Having kids has come up before, of course it has, but in this moment I can see what it will do to us. I can see that for him they already exist and that by saying no I am killing them. One day soon he will hate me for them, for the children.
The trek home from the field hut is much harder than the hike there. The weather turns bad, the wind chill dropping the temperature to minus five, freezing rain burning our cheeks and noses. It is more a mental game than anything to keep walking, and I am in awe of Orly, who carries on without complaint. There is no other option really-we must get home to shelter and warmth before our muscles seize and we start getting hypothermia.
During the last leg of our journey, the wind dies off and we breathe sighs of deepest relief.

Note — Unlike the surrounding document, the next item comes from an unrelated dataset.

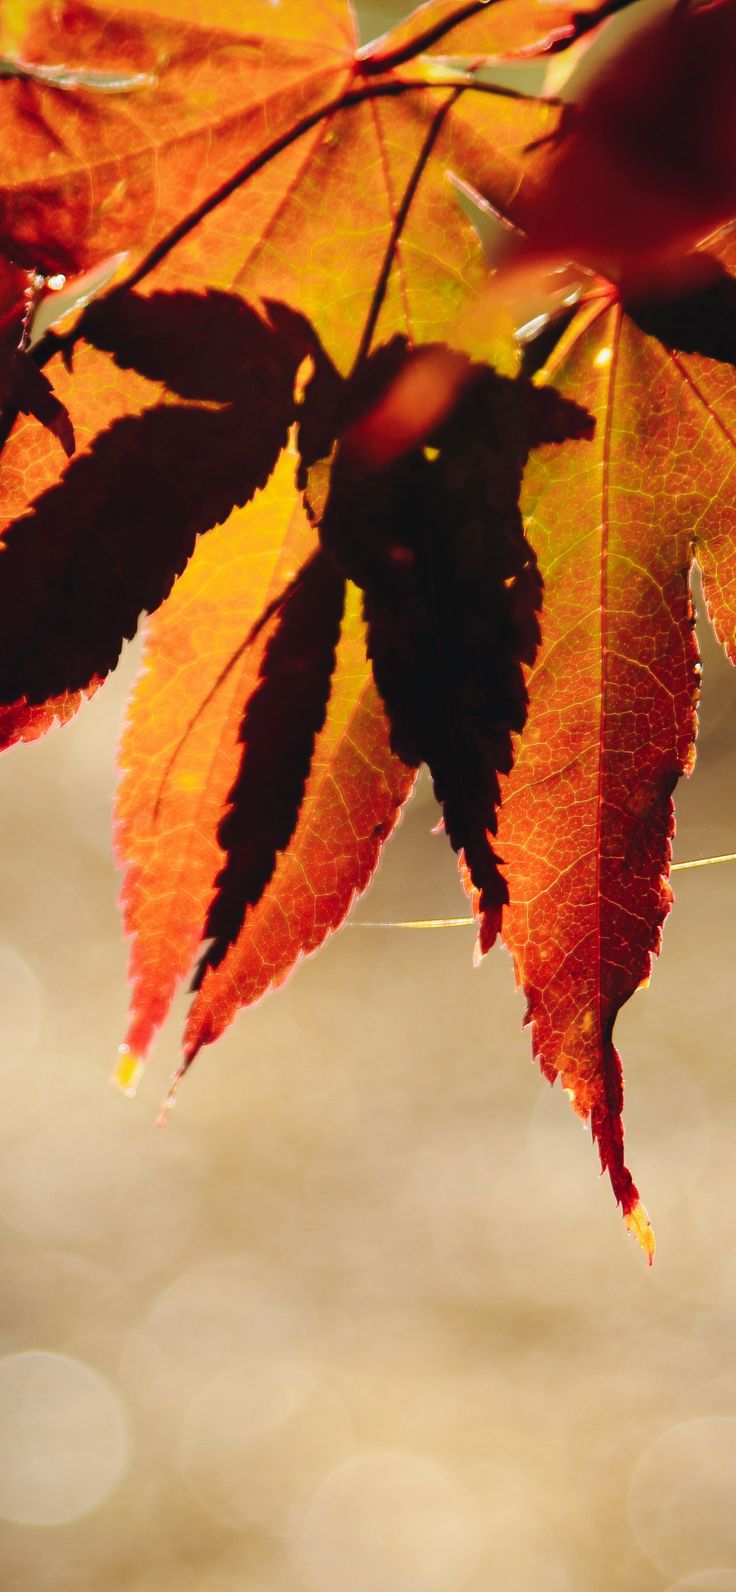 Autumn wallpaper for iPhone and iPad. iPhone wallpaper, iPhone wallpaper fall, Wallpaper

Instead a thick fog descends over the island. We choose our steps carefully, staying close so as not to lose each other within it. I reach out and my hand almost disappears. It is eerily quiet without the wind, and even the cries of the birds have fallen away. I listen instead to the sounds of our breathing, to our boots on the grass. Dom leads, Orly between us, me last. Which is why it concerns me to hear footsteps behind me.
I stop and turn but there is no one there. Just a wall of white, so thick I can imagine choking on it.
Something touches my hand and I yelp, spinning around, but it’s only Dom, looming over me in the fog.
“Hey, it’s okay,” he says.
“Fuck,” I say, trying to slow my heart.
Orly doesn’t laugh, he watches me with concern, his pale blue eyes very bright in this light.
“Stay close,” Dom says, and I do, shaken.